THE US: For nine years, Asucena Balma has worried herself sick every time her husband sneaks across the border from the couple's home in Mexico, braving bandits, vigilantes and potentially deadly temperatures to reach his house-cleaning job in New York.
But her fears multiplied after US President George Bush on Monday unveiled plans to send National Guard troops to the border.
"Suppose they shoot him?" fretted Balma (32) in a telephone interview from the central Mexican town of Mixquiahuala. "There has to be some better solution."

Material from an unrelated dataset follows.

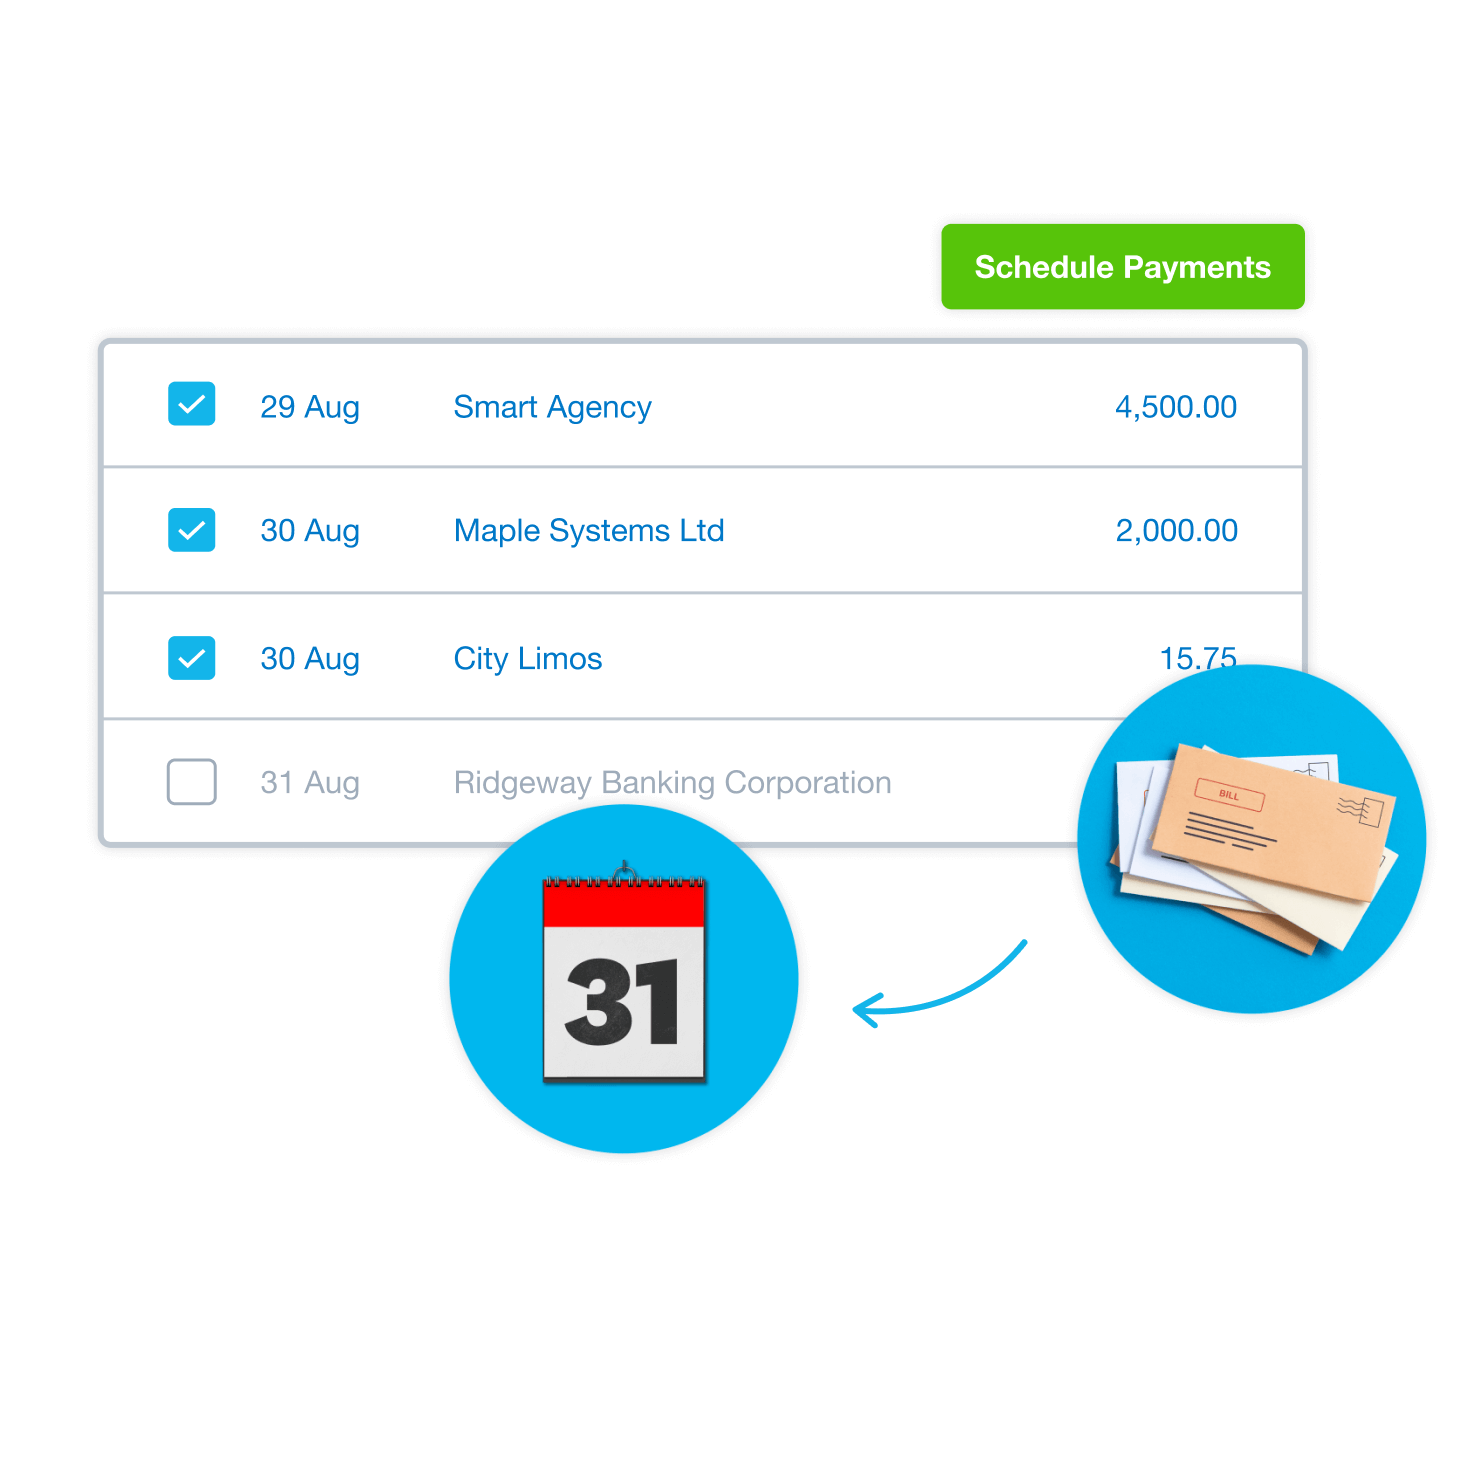 Xero’s accounting software shows a list of bills for payment along with due dates.

Mr Bush's plan has sent shock-waves across Mexico, which supplies more than half the estimated 12 million undocumented workers in the United States. Already, the proposal is worsening relations between the United States and its southern neighbour, a major trade partner and key regional ally.

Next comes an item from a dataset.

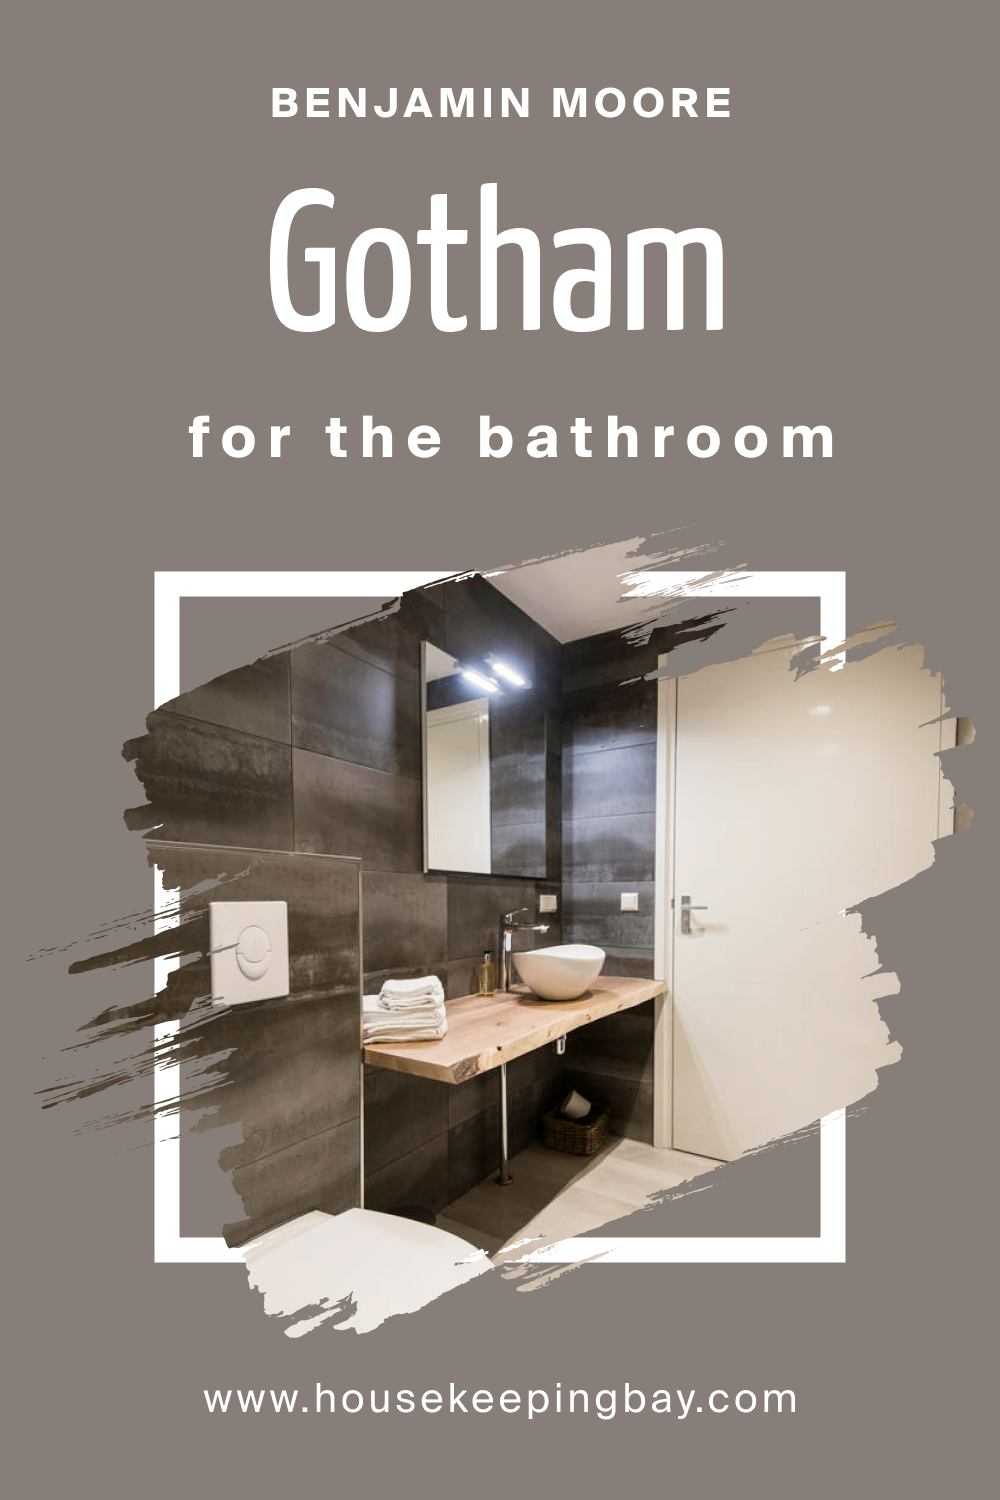 How to Use Gotham CSP-385 in the Bathroom?

"Troops are trained to kill, not to deal with civilians," said Eleazar Serrano Angeles, the mayor of Mixquiahuala, where many workers have left for jobs in the United States.

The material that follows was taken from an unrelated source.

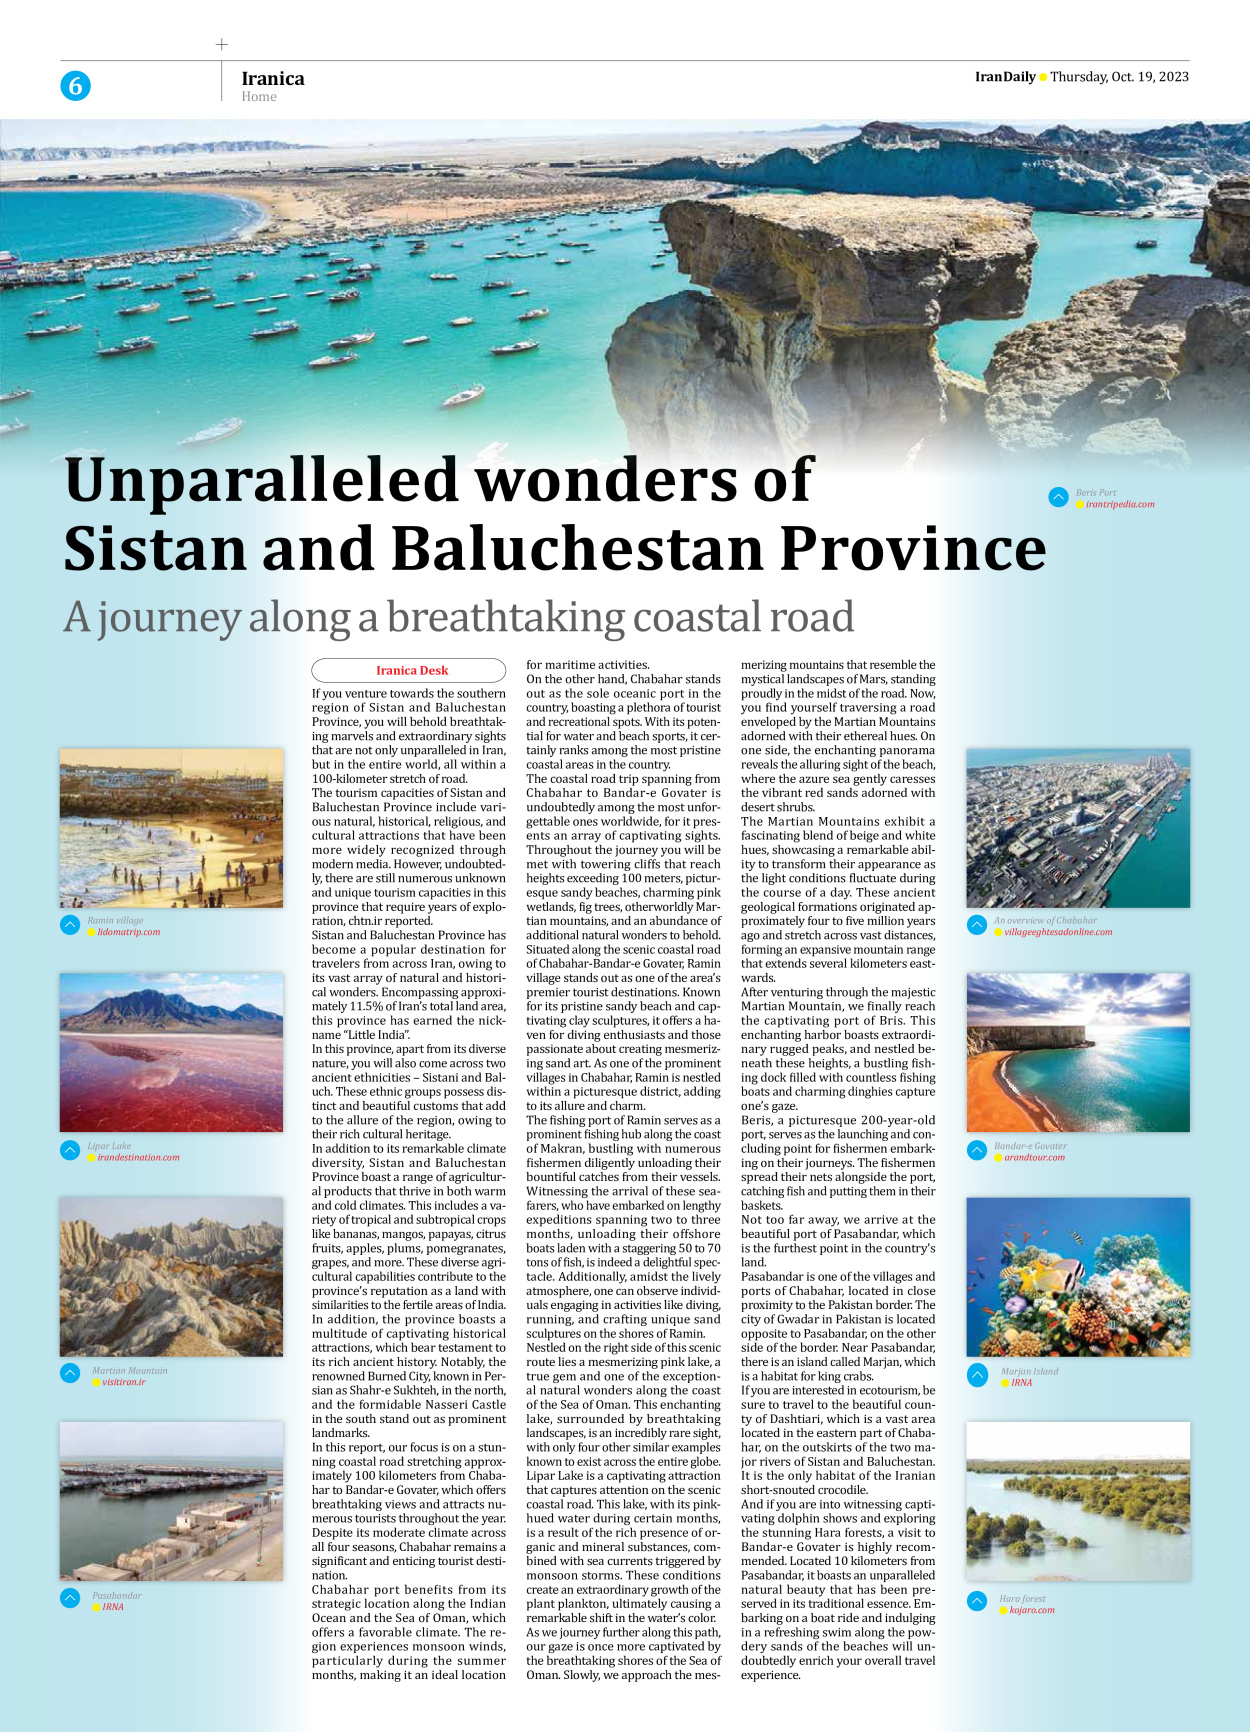 Iran Daily - Number Seven Thousand Four Hundred and Twelve - 19 October 2023 - Page 6

"This is no way to repay the valuable services that Mexicans perform in the United States."
Many Mexico experts doubt that tighter border control will stem illegal migration because even the lowest-paying jobs in the United States pay 10 times an average Mexican salary.
"It will only increase the deaths," predicted Arturo Solis, director of Mexico's Centre for Frontier Studies and Human Rights.
Immigrants will take increasingly risky desert routes to avoid detection, he said.
A record 473 immigrants died from causes such as heat and dehydration as they tried to sneak across the border last year. To reduce the risks, some undocumented workers may return home less often.
Balma's husband has only come home four times in nine years.
Her two daughters know their father mostly through photographs.
"They still recognise their father," she said, "but for how long?"